Input data:

|---|

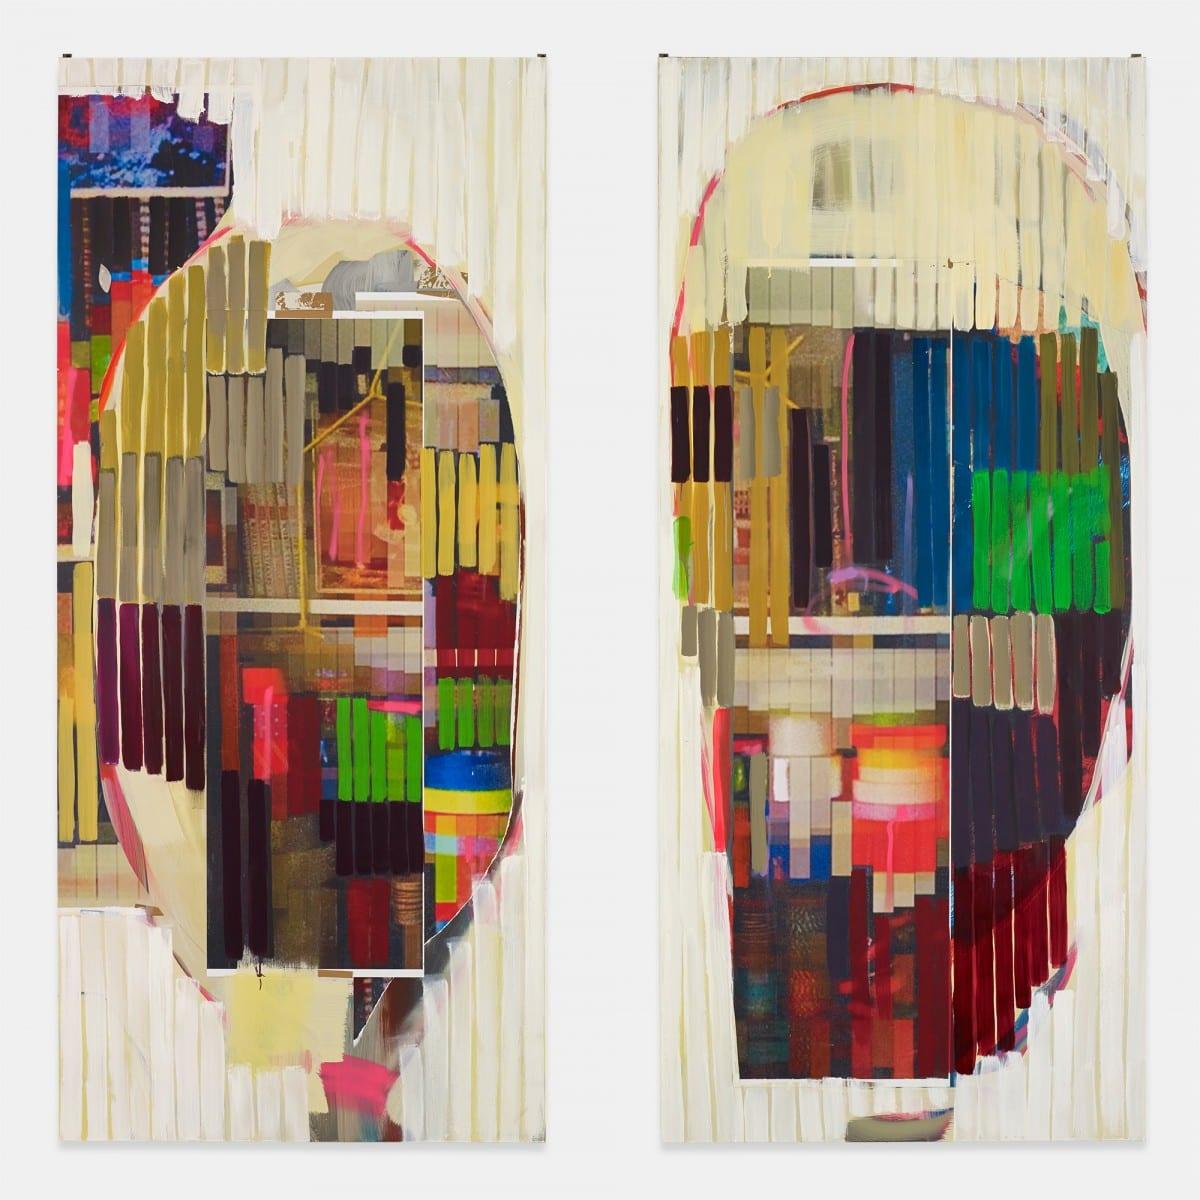 "Michael, John Kelly, Mask 12, Oil, Acrylic, Cel Vinyl, Pigment Print Collage on Panel, 80"" x 80"", 2013"
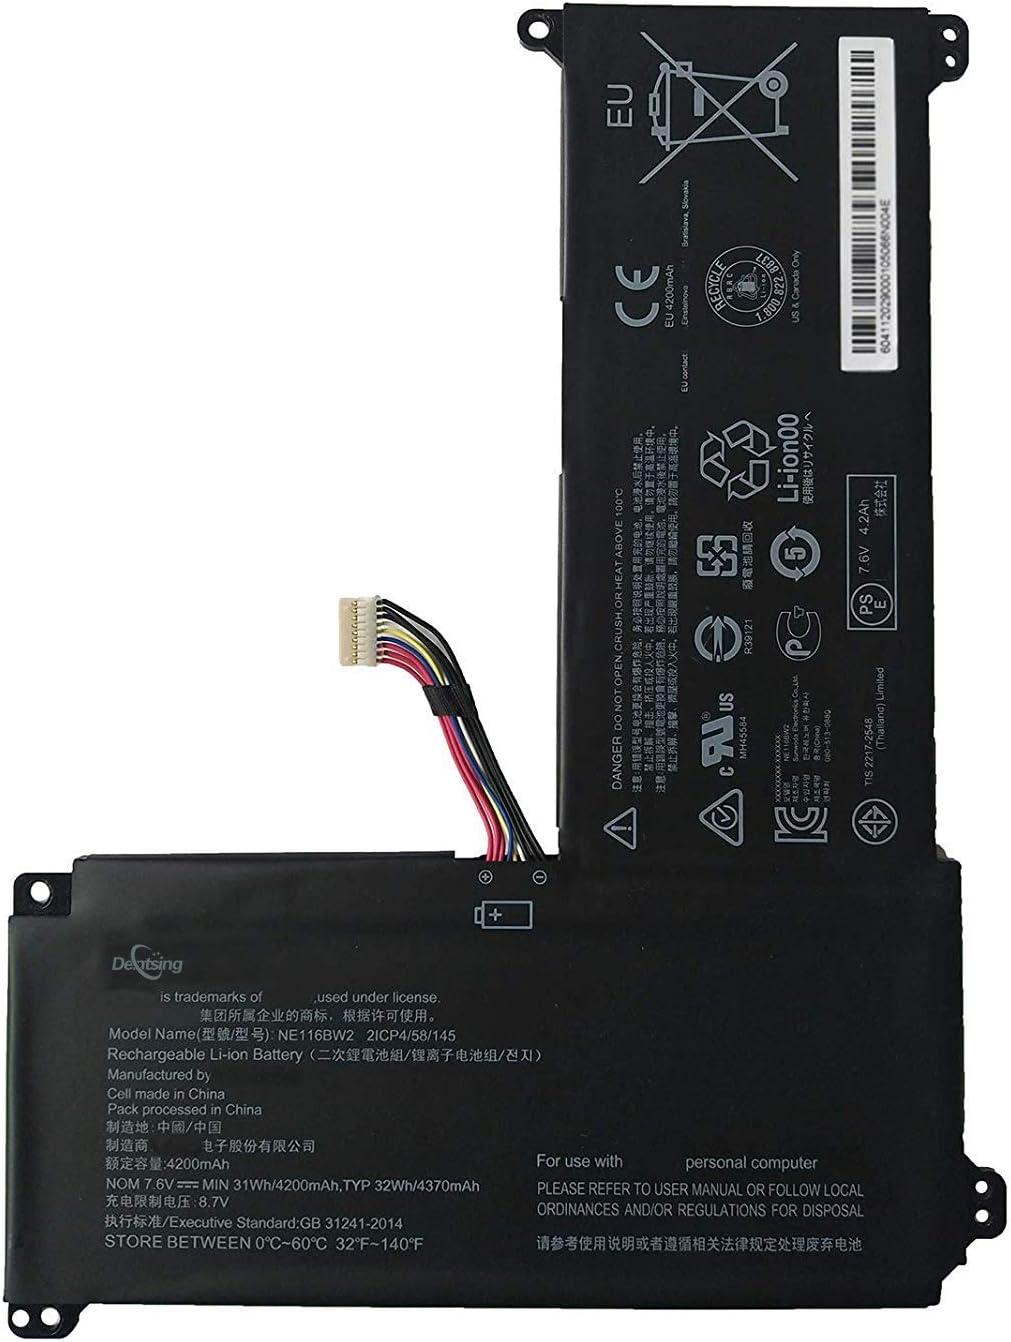 Dentsing NE116BW2 (7.5V 32Wh/4370mAh) Laptop Battery Compatible with Lenovo IdeaPad 110S 110S-11IBR Series Notebook 0813004 5B10M53616 2ICP4/58/145
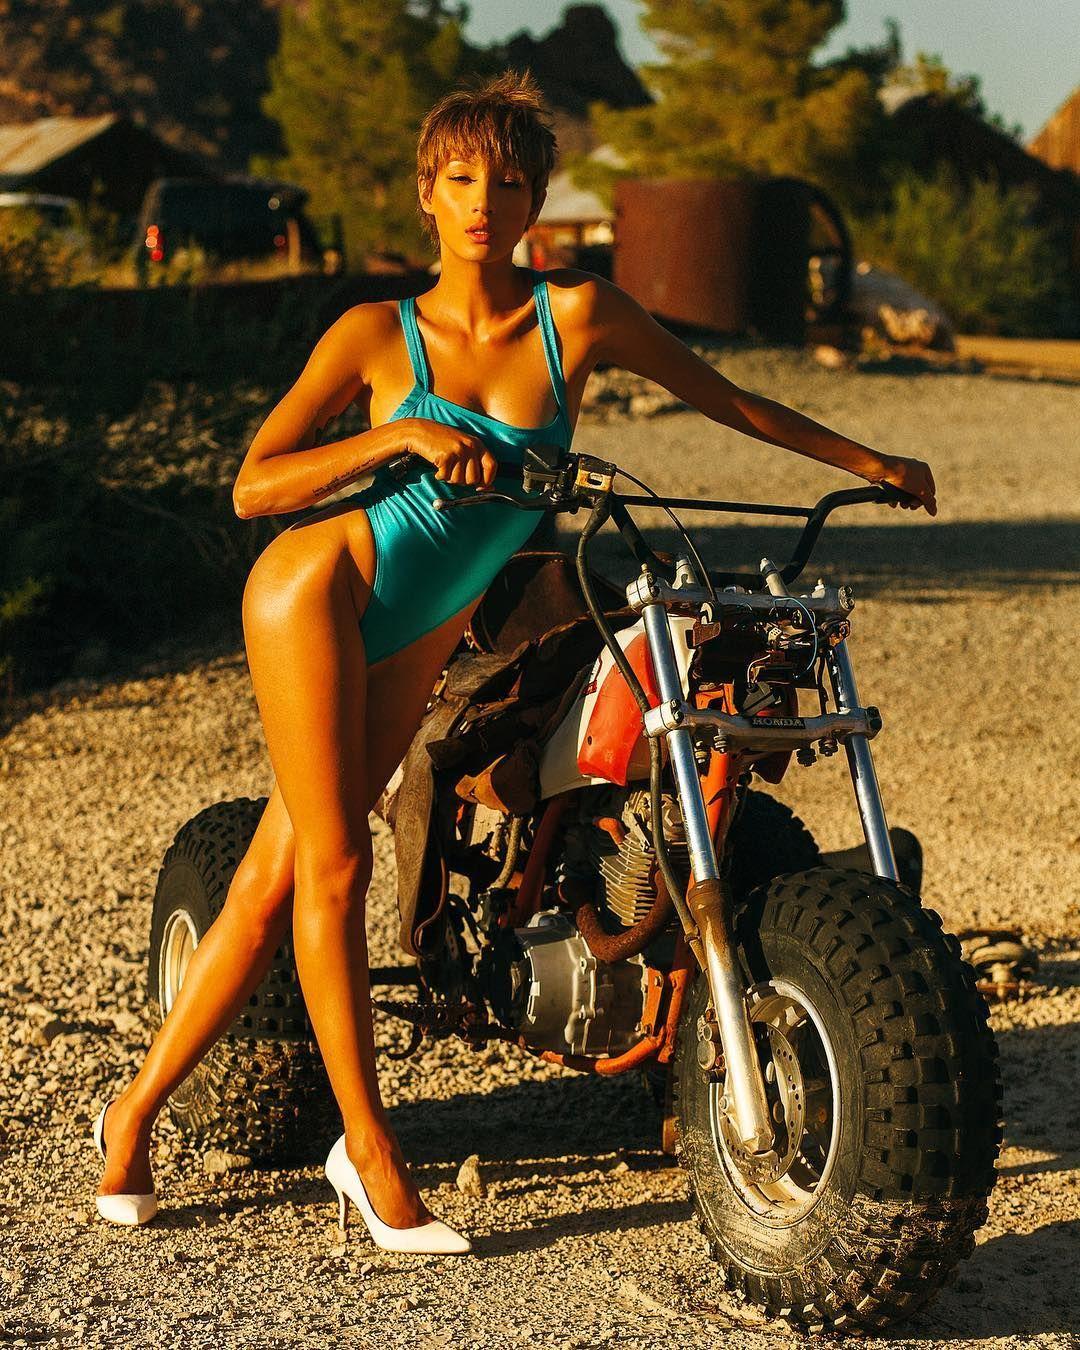 Taylor momsen4,Jacqueline McKenzie etcRomper Stomper  Hot fotos Lauren Goodger Bikini,Sasha fierce boobs
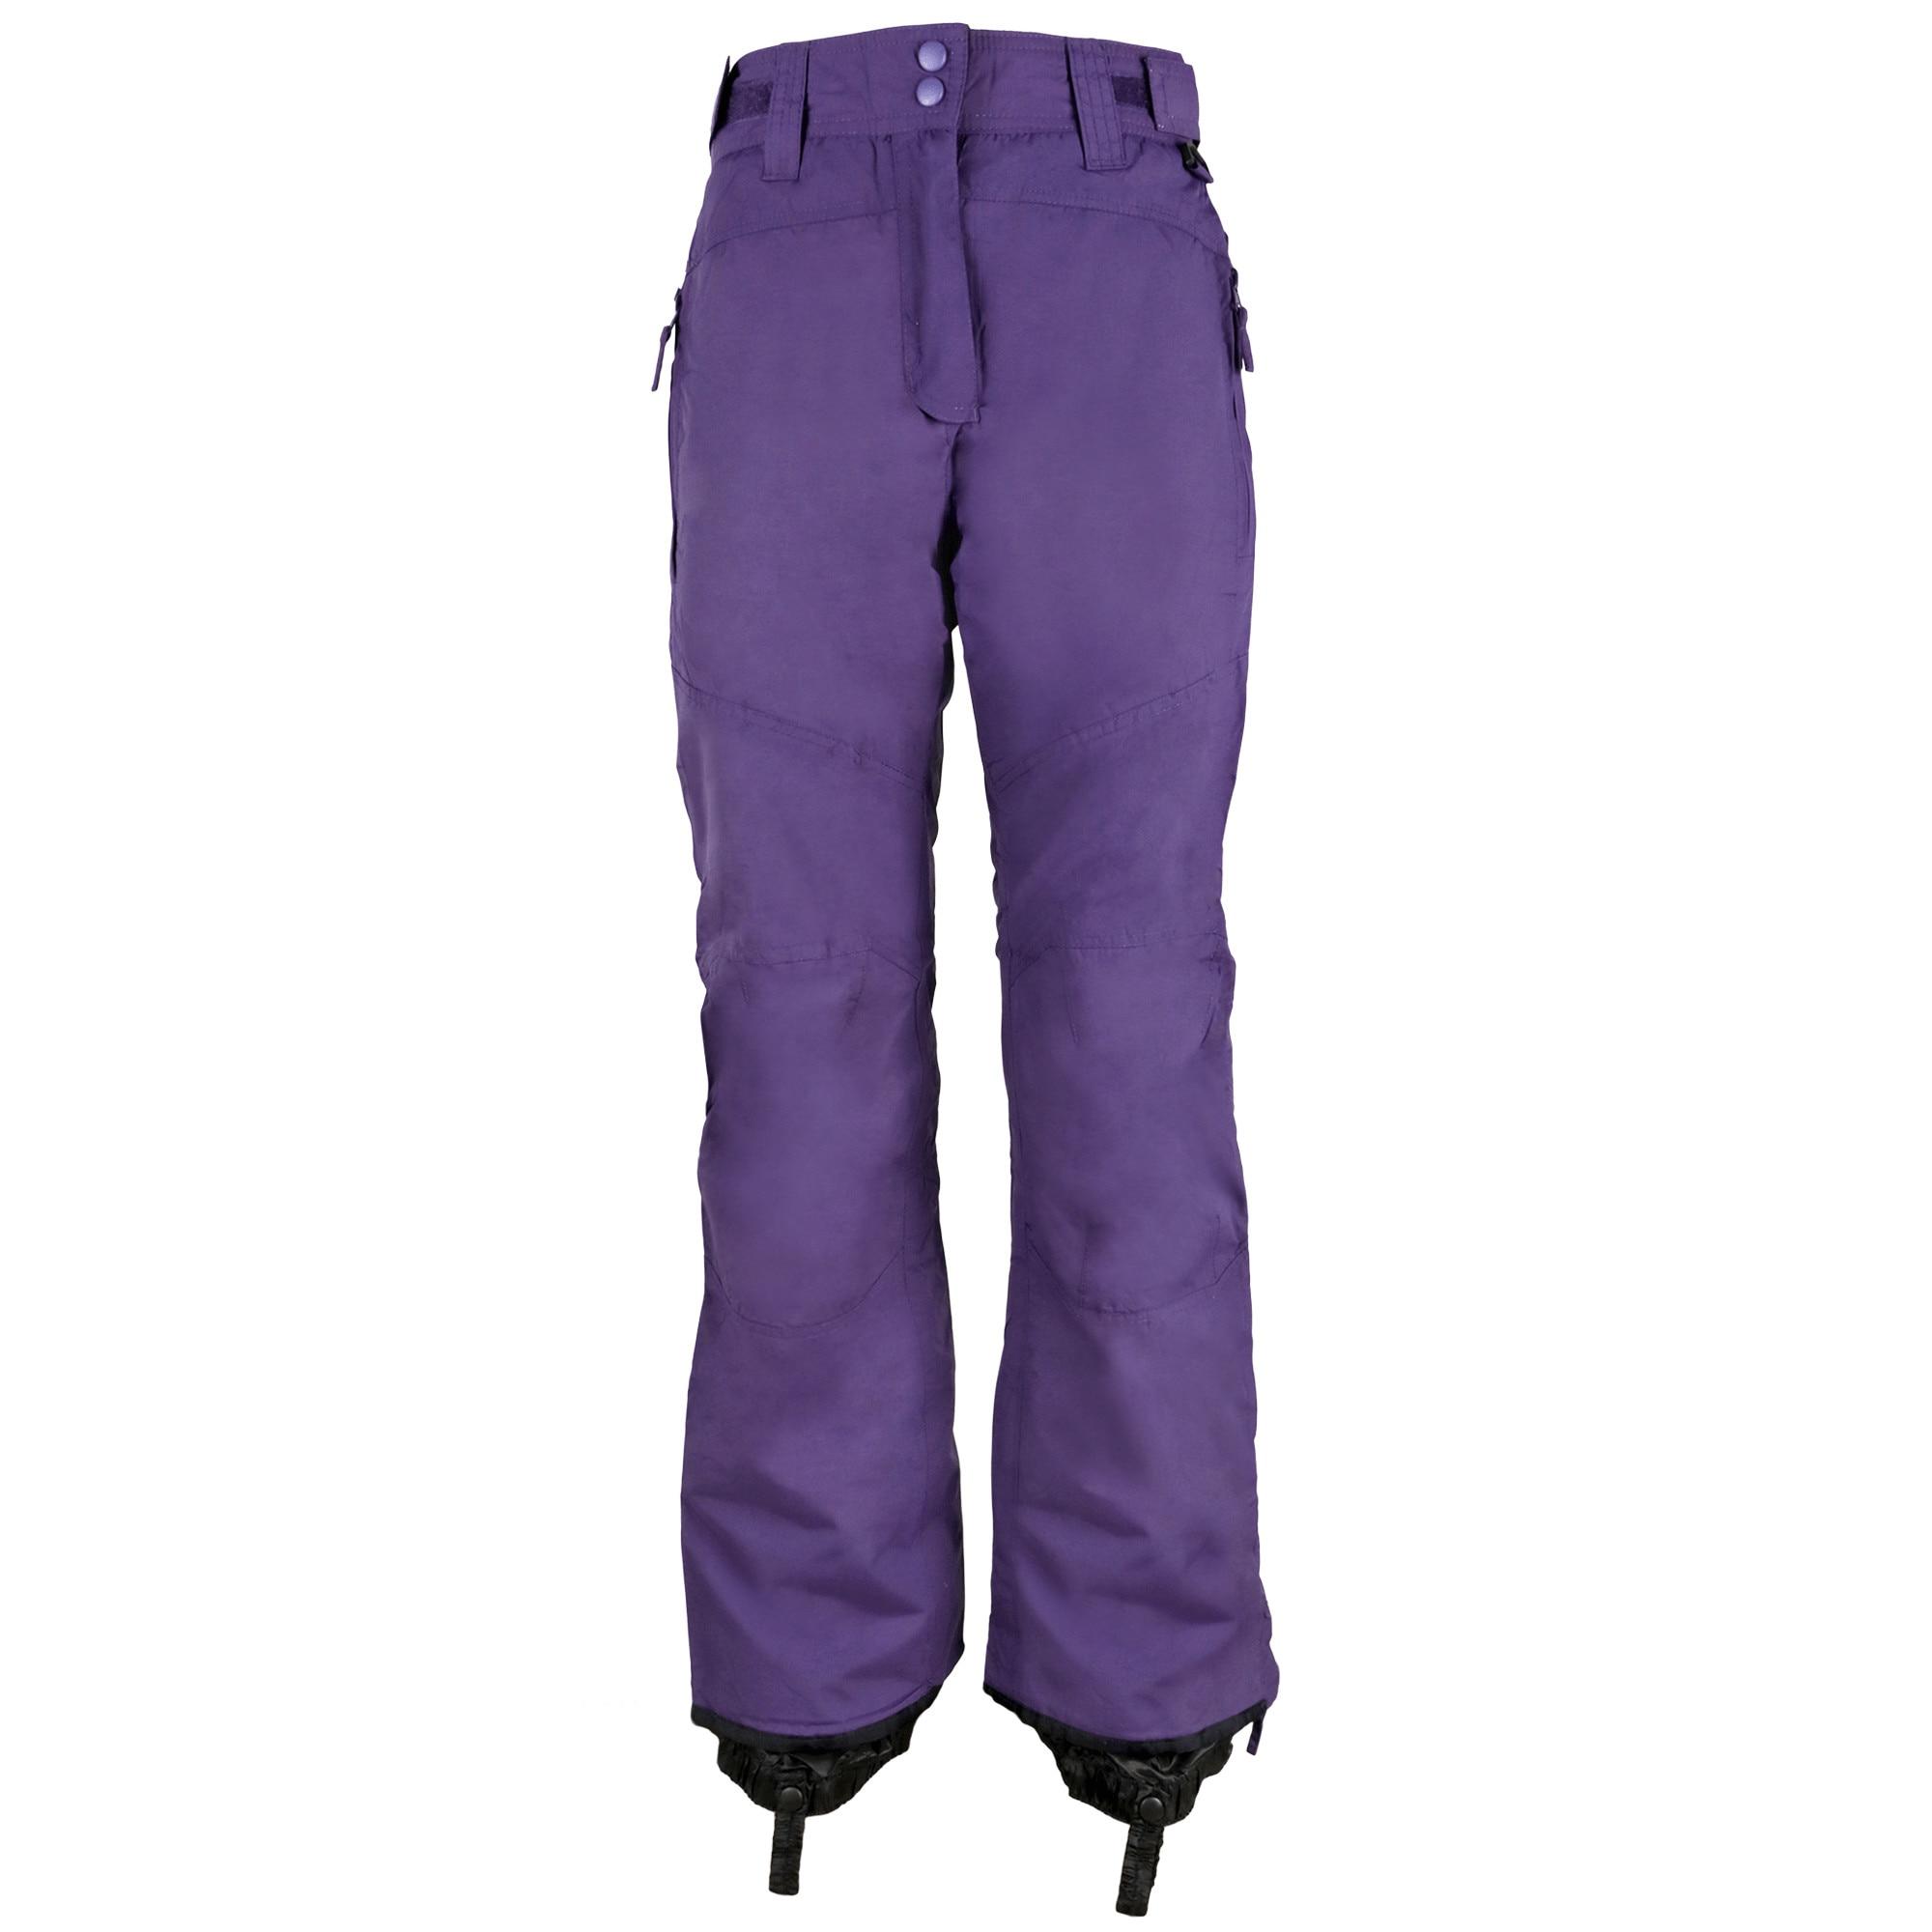 marimea 7 oferta specifica cel mai bun site web Pantaloni ski dama Crivit Sports, impermeabili, rezistenti la vant  puternic, Violet, 40 EU - eMAG.ro

|---|

Action item: Retype exactly. Include each line from the start of the material through the line holding "Dentsing NE116BW2 (7.5V", and leave the pictures out.

Exercise output:
 "Michael, John Kelly, Mask 12, Oil, Acrylic, Cel Vinyl, Pigment Print Collage on Panel, 80"" x 80"", 2013"
 Dentsing NE116BW2 (7.5V 32Wh/4370mAh) Laptop Battery Compatible with Lenovo IdeaPad 110S 110S-11IBR Series Notebook 0813004 5B10M53616 2ICP4/58/145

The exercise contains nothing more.